- **PROBLEM TO SOLVE**
Output the listing below verbatim, but drop the images.

- **SOURCE MATERIAL**
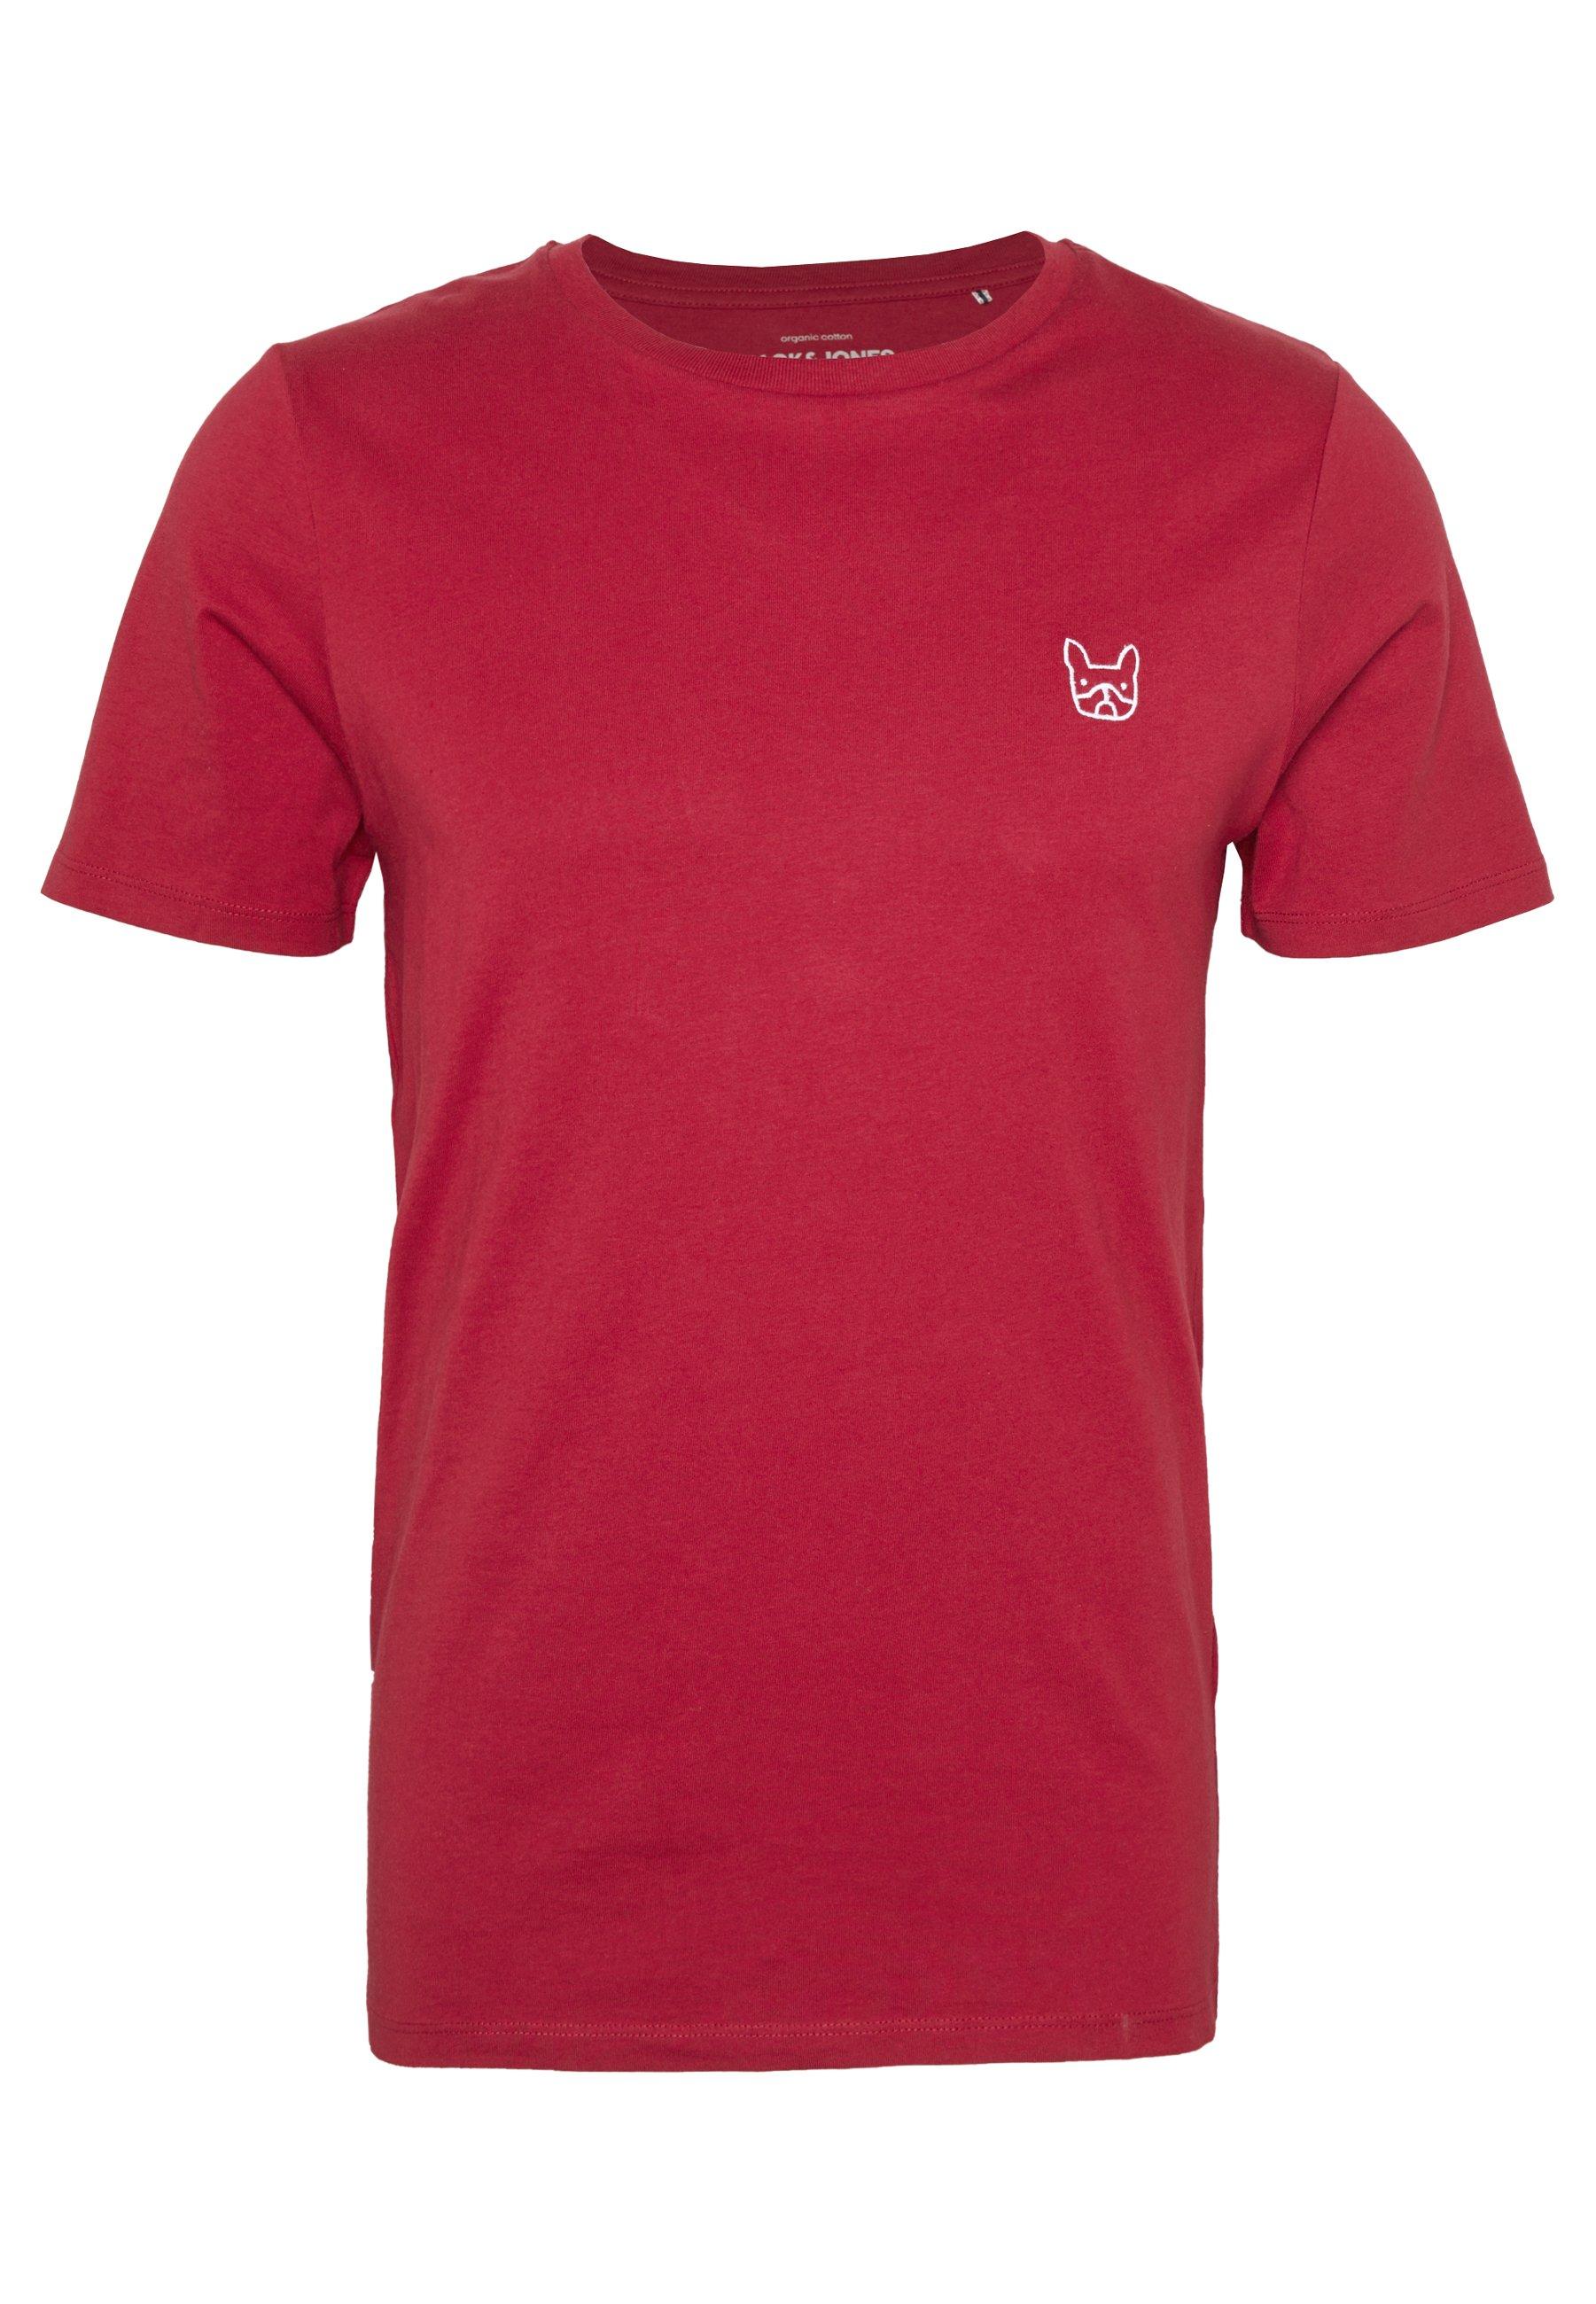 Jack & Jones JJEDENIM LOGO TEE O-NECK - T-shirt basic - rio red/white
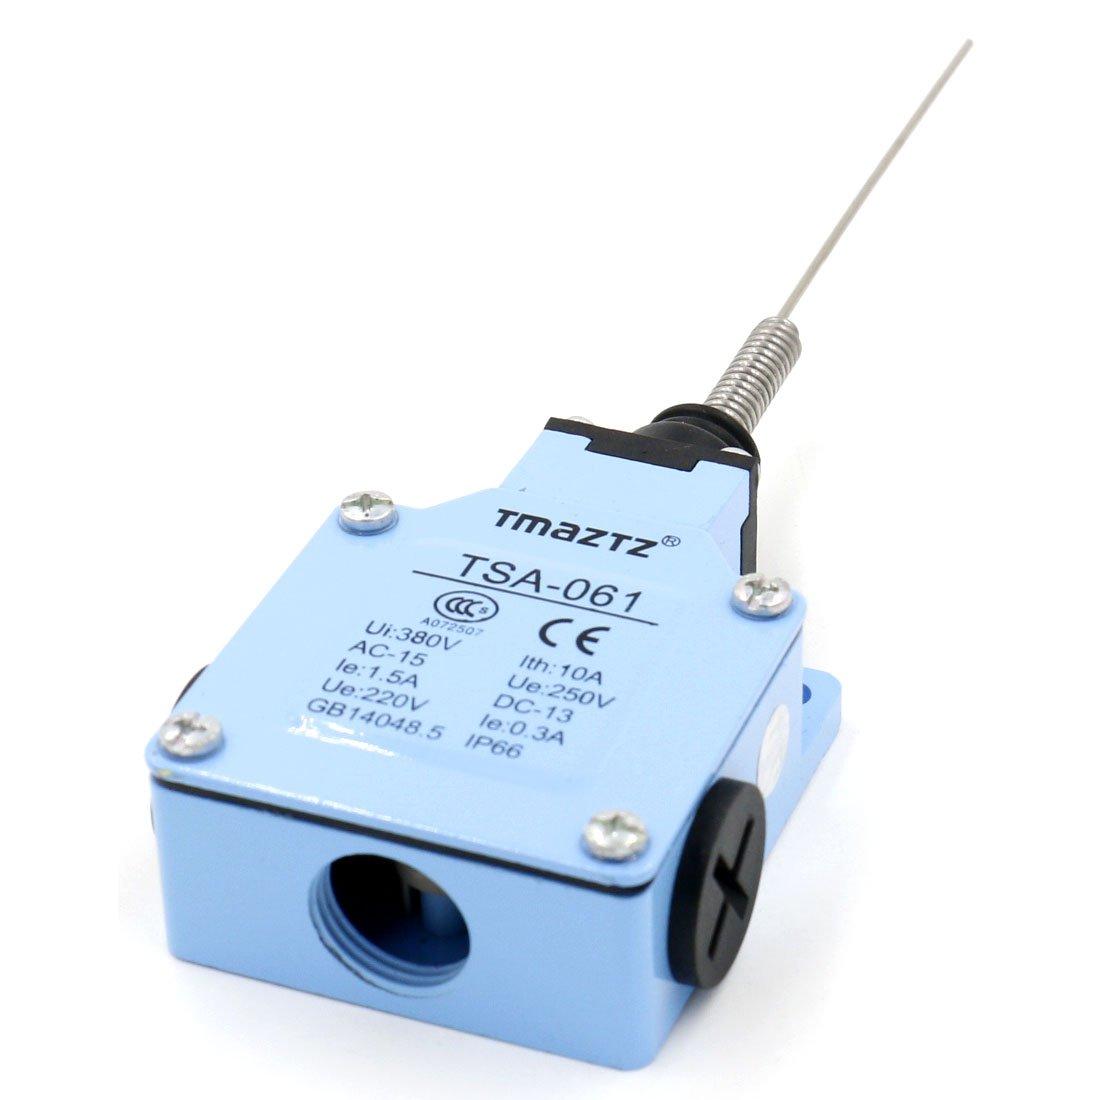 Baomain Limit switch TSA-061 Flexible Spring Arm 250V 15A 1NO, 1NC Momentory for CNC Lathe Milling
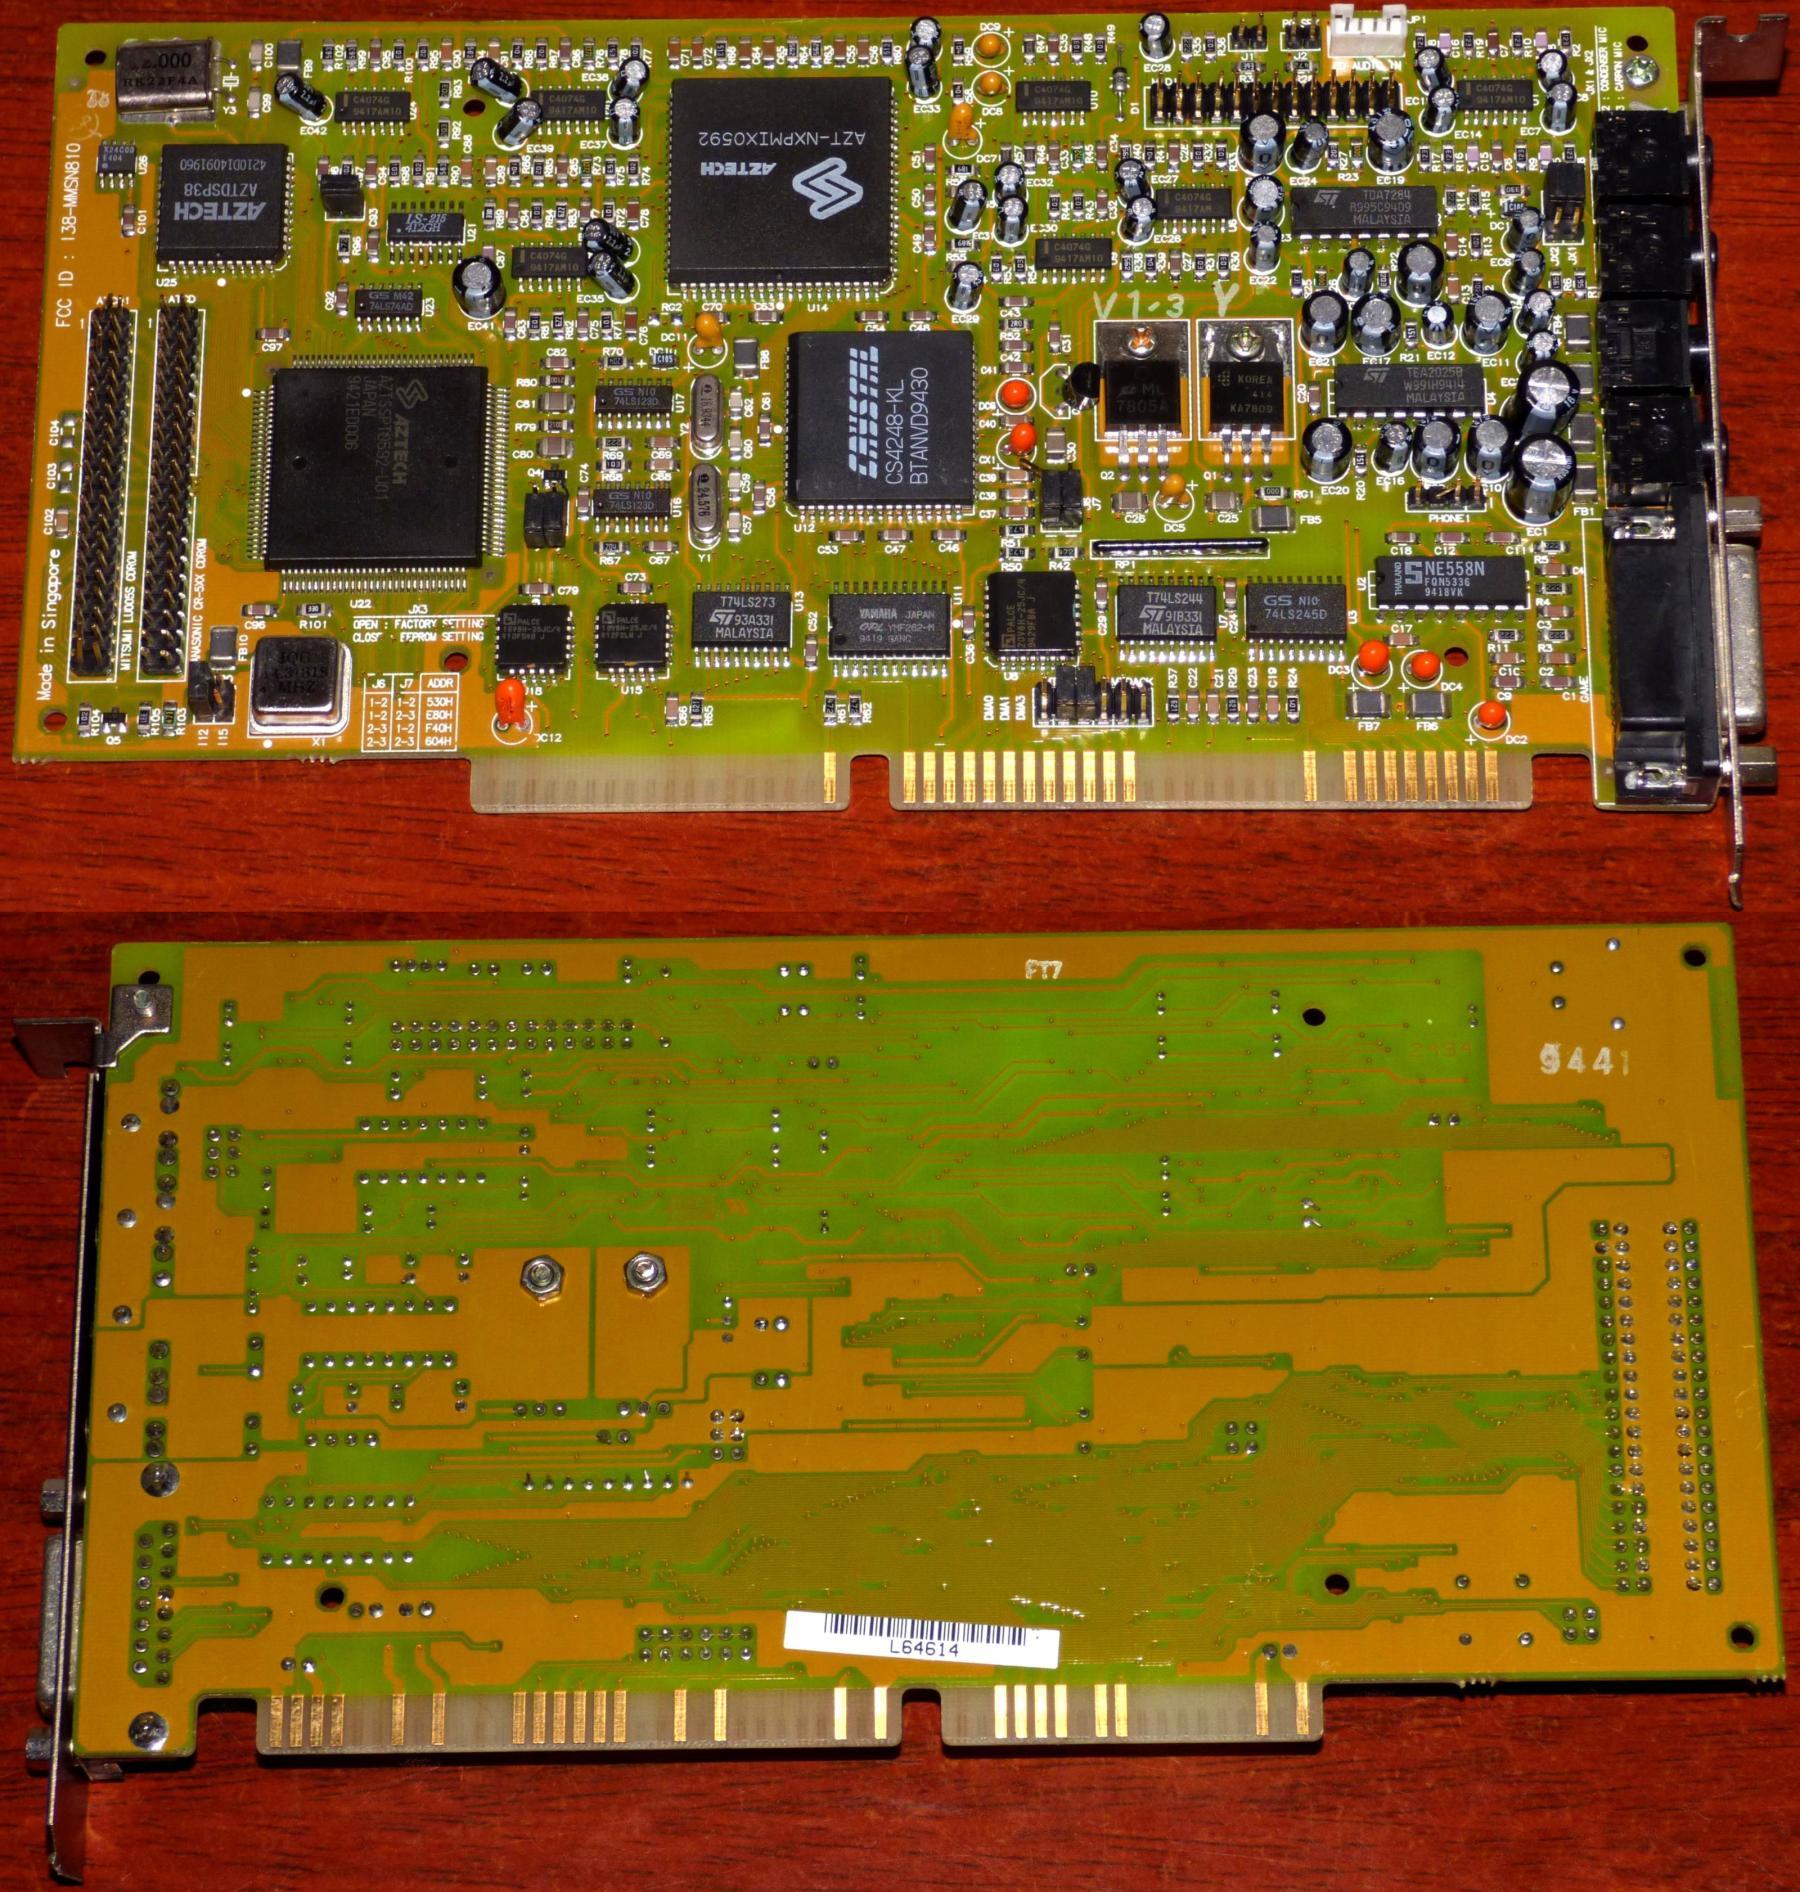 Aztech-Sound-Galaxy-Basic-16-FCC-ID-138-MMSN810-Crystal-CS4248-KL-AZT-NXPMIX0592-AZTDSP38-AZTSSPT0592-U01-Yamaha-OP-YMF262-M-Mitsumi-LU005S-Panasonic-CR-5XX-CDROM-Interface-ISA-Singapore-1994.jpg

- **EXPECTED ANSWER**
 Jack & Jones JJEDENIM LOGO TEE O-NECK - T-shirt basic - rio red/white
 Baomain Limit switch TSA-061 Flexible Spring Arm 250V 15A 1NO, 1NC Momentory for CNC Lathe Milling
 Aztech-Sound-Galaxy-Basic-16-FCC-ID-138-MMSN810-Crystal-CS4248-KL-AZT-NXPMIX0592-AZTDSP38-AZTSSPT0592-U01-Yamaha-OP-YMF262-M-Mitsumi-LU005S-Panasonic-CR-5XX-CDROM-Interface-ISA-Singapore-1994.jpg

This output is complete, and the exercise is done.